[INFORMATION SHOWN]:
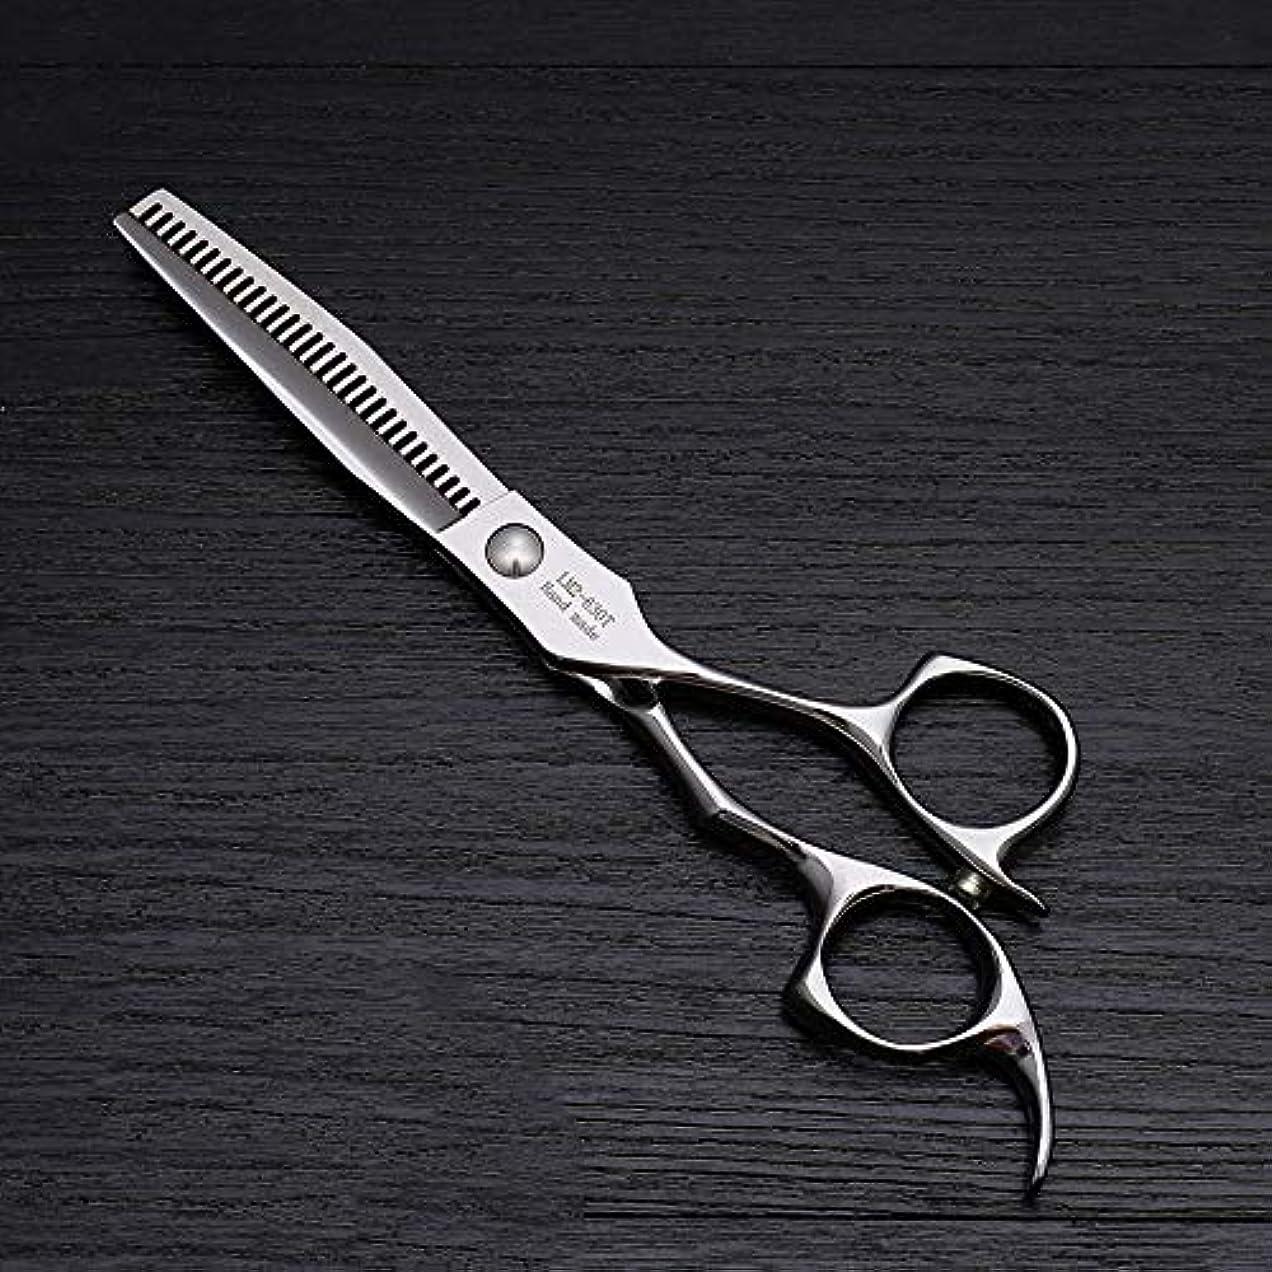 意志医薬クーポン理髪用はさみ 6インチのステンレス鋼の理髪はさみ、美容院の毛の切断用具の薄くなるはさみの毛の切断はさみのステンレス製の理髪師のはさみ (色 : Silver)
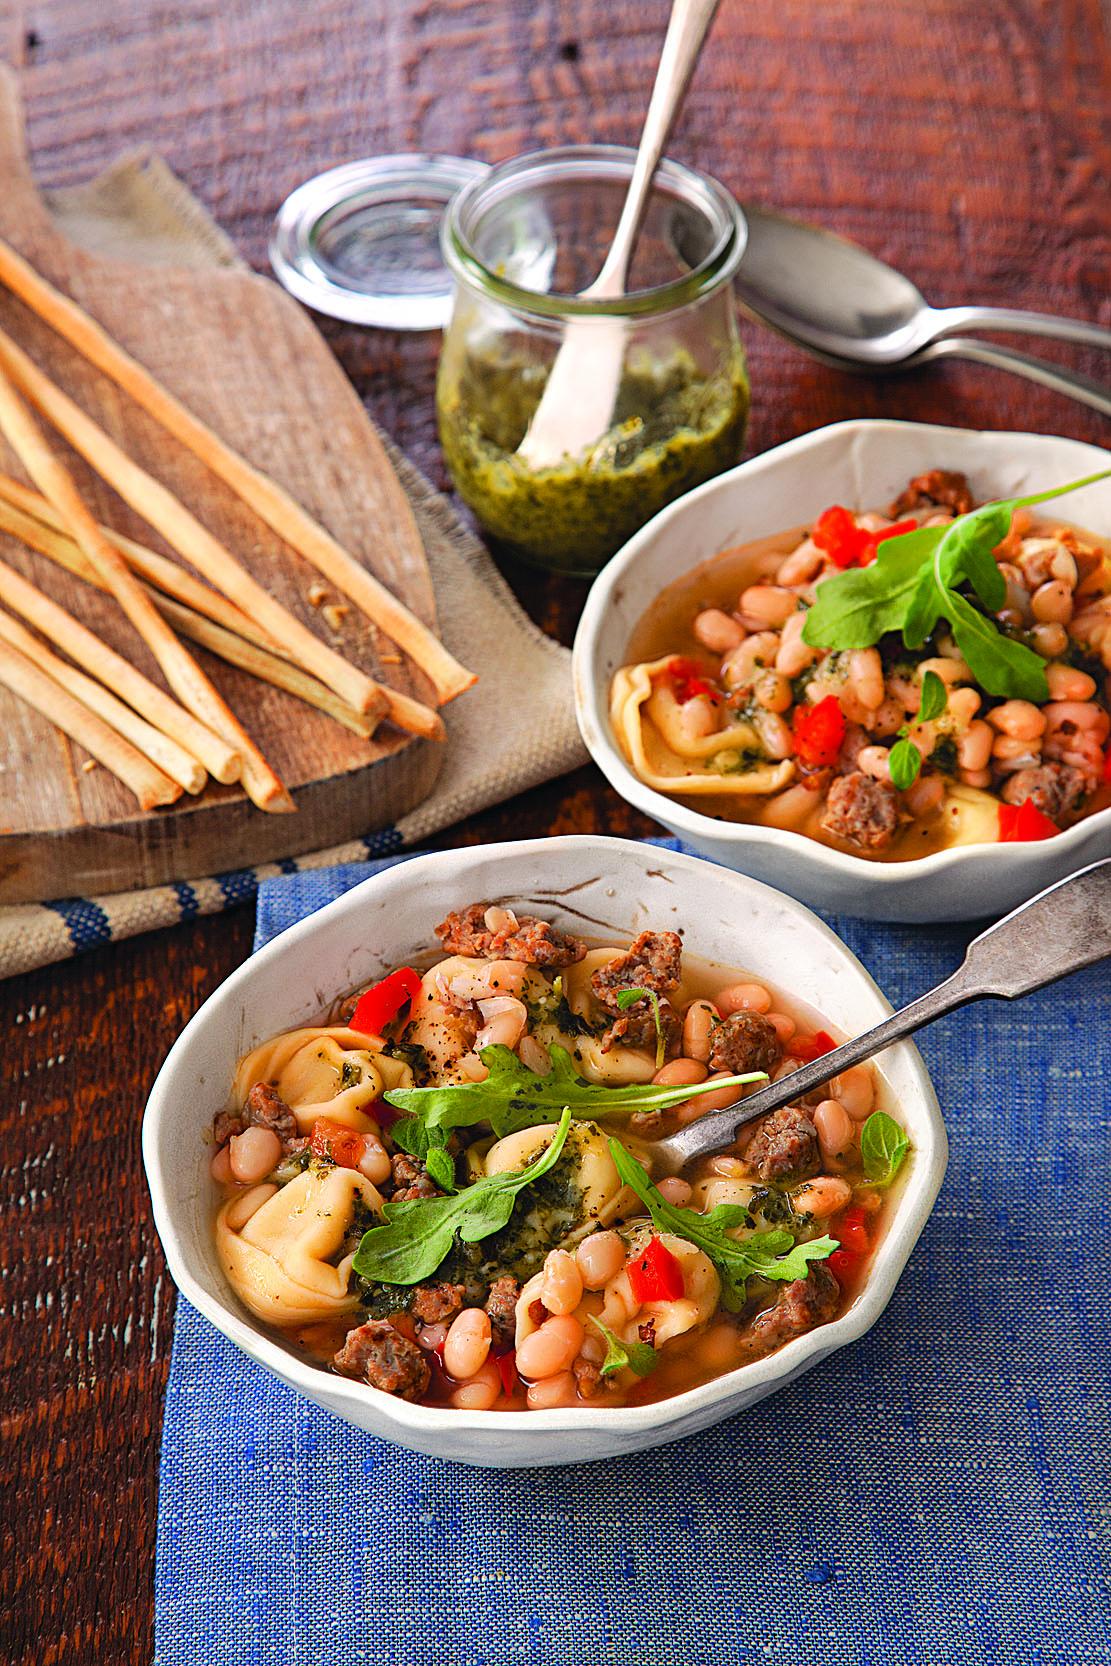 White Bean, Turkey Sausage, and Tortellini Soup
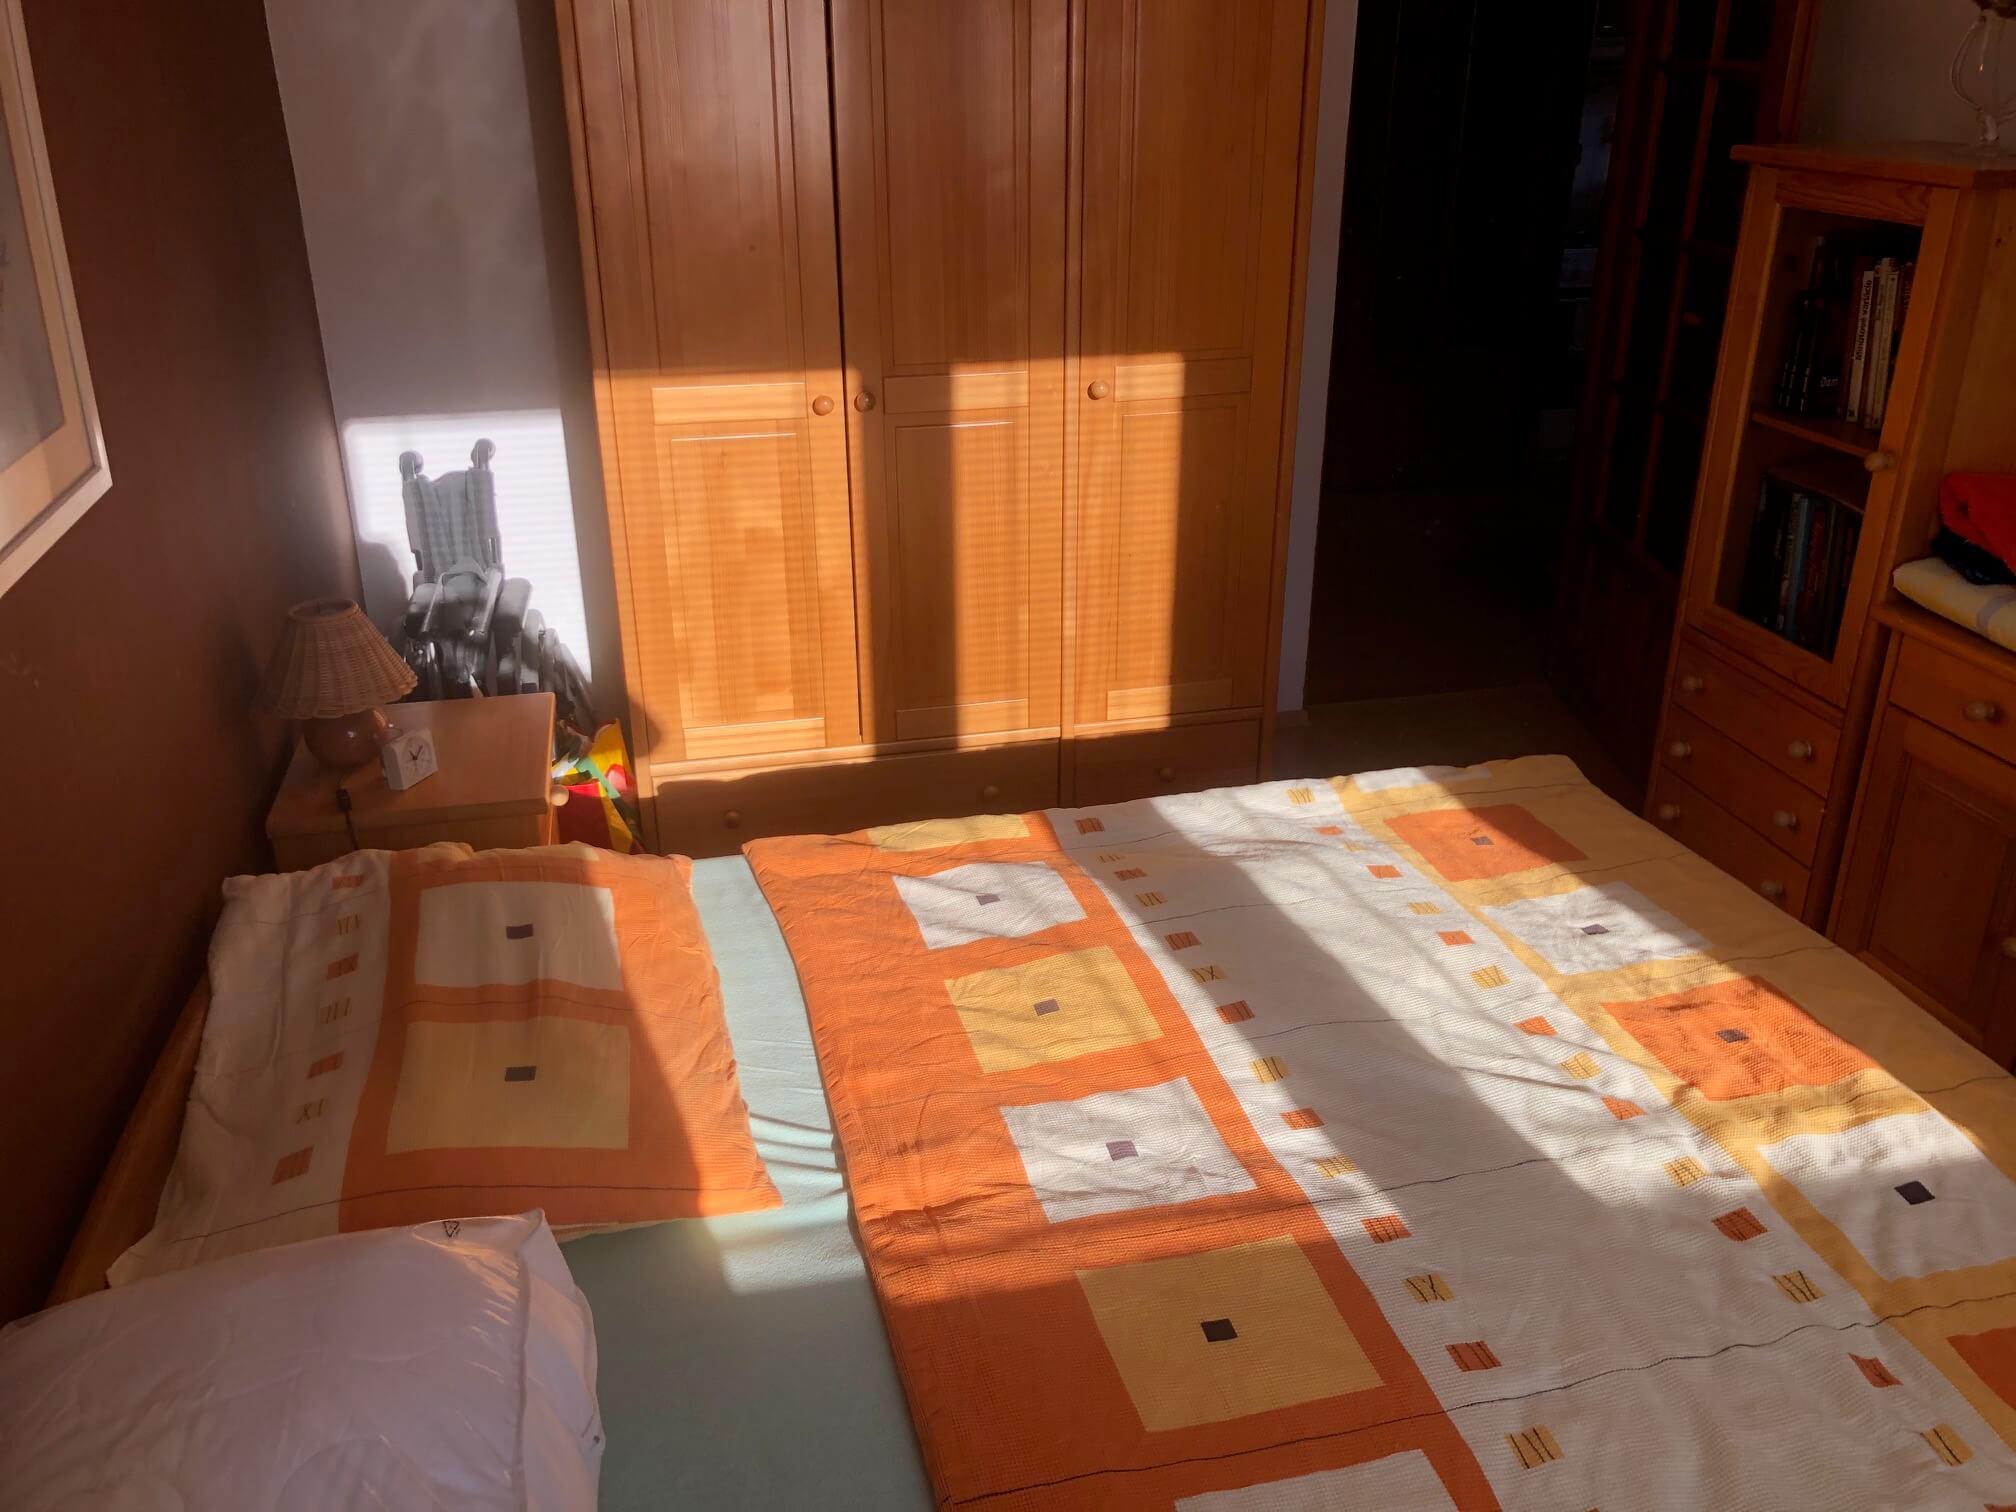 Predané: Exkluzívne na predaj 3 izbový byt, Devínska Nová Ves, Jána Poničana 3, 65m2, balkon 4m2,klimatizácia-28

[ASSIGNMENT]:
Please transcribe the listing above verbatim and exclude every picture.

[TASK RESULT]:
 意志医薬クーポン理髪用はさみ 6インチのステンレス鋼の理髪はさみ、美容院の毛の切断用具の薄くなるはさみの毛の切断はさみのステンレス製の理髪師のはさみ (色 : Silver)
 White Bean, Turkey Sausage, and Tortellini Soup
 Predané: Exkluzívne na predaj 3 izbový byt, Devínska Nová Ves, Jána Poničana 3, 65m2, balkon 4m2,klimatizácia-28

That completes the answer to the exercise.